18. Februar 2009

Kurioses, kurz kommentiert: Kanzler Westerwelle? Nebst Zettels Wahlaussage

Die SPD hat dieses Jahr die besten Chancen, sich weiter an der Regierung zu beteiligen, wenn sie die Flucht in die Offensive antritt und der FDP die Kanzlerschaft anbietet. Westerwelle wird Merkel dann schneller einen Korb geben, als andere bis 18 zählen können. Steinmeier kann Vizekanzler bleiben. Und Klaus Wowereit kann sich warmlaufen für 2013.

Michael Schlieben heute in "Zeit- Online" in einem als "Glosse" rubrizierten Artikel.

Kommentar: Mit "Glossen" ist das so eine Sache. Anders als bei einer Satire kann es sein, daß der Autor ernst meint, was er schreibt. Anders als bei einem richtigen Artikel legt er sich aber nicht fest, ob er es denn ernst meint. Kein unpassendes Format für einen Autor, der sich mit den Fakten schon einmal schwertut.

Wie dem auch sei - natürlich wird Guido Westerwelle, einst im Mai (dem des Jahres 2002) schon einmal "Kanzlerkandidat", so wenig Kanzler werden wie Peter Sodann Bundespräsident.

Derlei Kurioses wie damals diese Kanidatur hat er hinter sich gelassen, zusammen mit dem Guidomobil und den bemalten Schuhsohlen. Guido Westerwelle ist jetzt seriös geworden; so seriös, daß er nicht mit der Wimper zuckte, als Frank (vormals Frank- Walter) Steinmeier ihn bei der kürzlichen Buchvorstellung an jene Zeit der Allotria erinnerte. Nun ja, man war doch auch einmal jung.

Also Spaß beiseite.
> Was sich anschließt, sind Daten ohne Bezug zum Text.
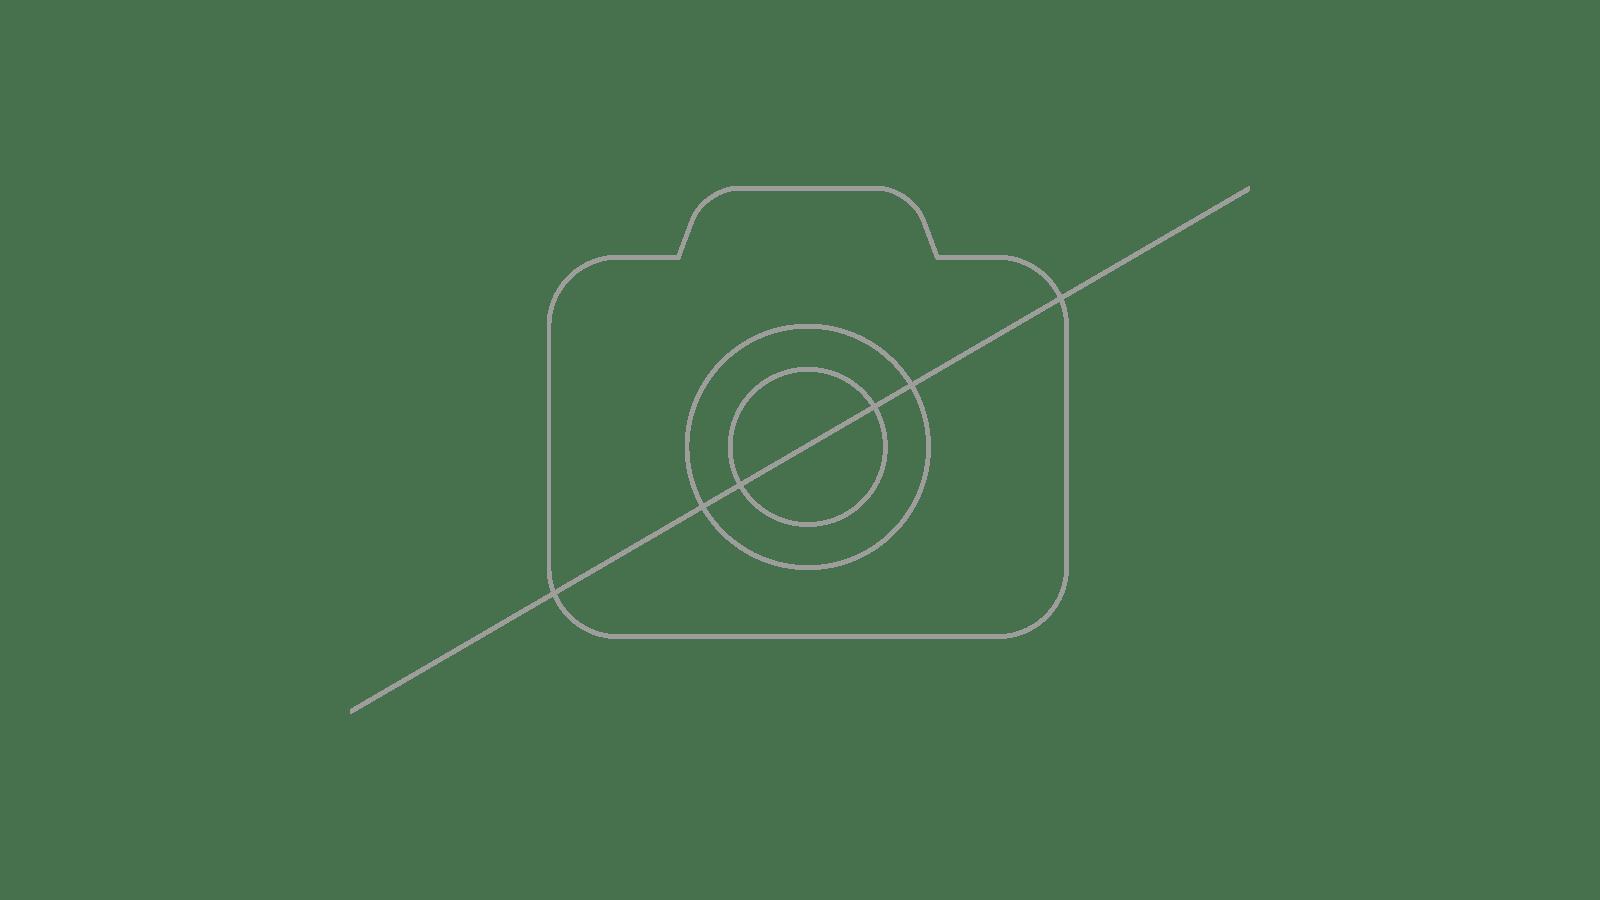 Serie | 6 Встраиваемый духовой шкаф 60 cm Нержавеющая сталь HBJ558YS0Q

Hinter der von Schlieben an die Wand gepinselten Kuriosität steckt ein ernsthaftes Problem; vielleicht das ernsthafteste der kommenden Wahlen: Was wird, wenn Schwarzgelb die Mehrheit verfehlt?

Die SPD-Linke wird dann, Steinmeier hin, Müntefering her, die Volksfront versuchen. Sie wird sie versuchen, weil die "Basis" sie ebenso fordern wird, wie sie nach den Wahlen 1998 nach Rotgrün gerufen hat. So laut und so schnell, daß schon in der Wahlnacht die Option einer Großen Koalition, über die Schröder mit Rühe und Schäuble gesprochen hatte, vom Tisch war.

Ob freilich die SPD-Linke stark genug und ihre Spitze entschlossen genug ist, die Volksfront durchzusetzen, ist eine andere Frage. Wowereit hat Zeit; erst recht kann Andrea Nahles gut bis 2013 warten; warum nicht auch bis 2017. Vielleicht wird also die SPD lange schwanken, wird sie Avancen nach dieser und jener Seite machen, wird sie "Schnittmengen ausloten", wie man das in einer seltsam schiefen Metapher gern nennt.



Und was dann? Dann wird sie heranschleichen an die FDP, die Versuchung. Darf man Deutschland der Volksfront überlassen? Muß nicht vielmehr die FDP sich für das Gemeinwesen opfern, über ihren Schatten springen, nolens volens in eine Koalition mit Rot und Grün gehen? In Gottes Namen, um Schlimmeres zu verhüten?

Nein, sie muß nicht. Denn wenn es nicht zu Schwarzgelb reichen sollte, dann wird es zur Fortsetzung der Großen Koalition reichen. Zu einer Koalition, in der CDU und SPD nicht mehr zwei gleichstarke Partner sein würden, sondern in der - falls sich in der Stimmung der Wähler bis zum September nicht noch Dramatisches vollzieht - die CDU der eindeutig stärker Partner wäre.

Die Große Koalition wäre dann die Alternative zur Volksfront. Es wäre die SPD, die gefordert wäre, um des Gemeinwohls willen in eine Koalition zu gehen, die sich nicht gewollt hat. Und nicht die FDP.

Viel wird davon abhängen, ob die FDP sich entschließen kann, eine eindeutige Wahlaussage zu machen: Daß sie nur unter Führung der CDU in eine Regierung eintreten wird. Bevorzugt natürlich als deren einziger Partner. Falls das Ergebnis das nicht erlauben sollte, dann unter Einbeziehung der Grünen.

Wenn die FDP sich so festlegt, dann hat sie am 27. September meine Stimme. Wenn sie in diesem Punkt wackelt, dann werde ich sie nicht wählen. Denn eine Große Koalition unter einer gestärkten Kanzlerin Merkel ist mir entschieden lieber als eine "Ampel" unter dem Kanzler Steinmeier, in der zwei linke Parteien die Richtung vorgeben und in der die FDP allenfalls im Bremserhäuschen hocken würde.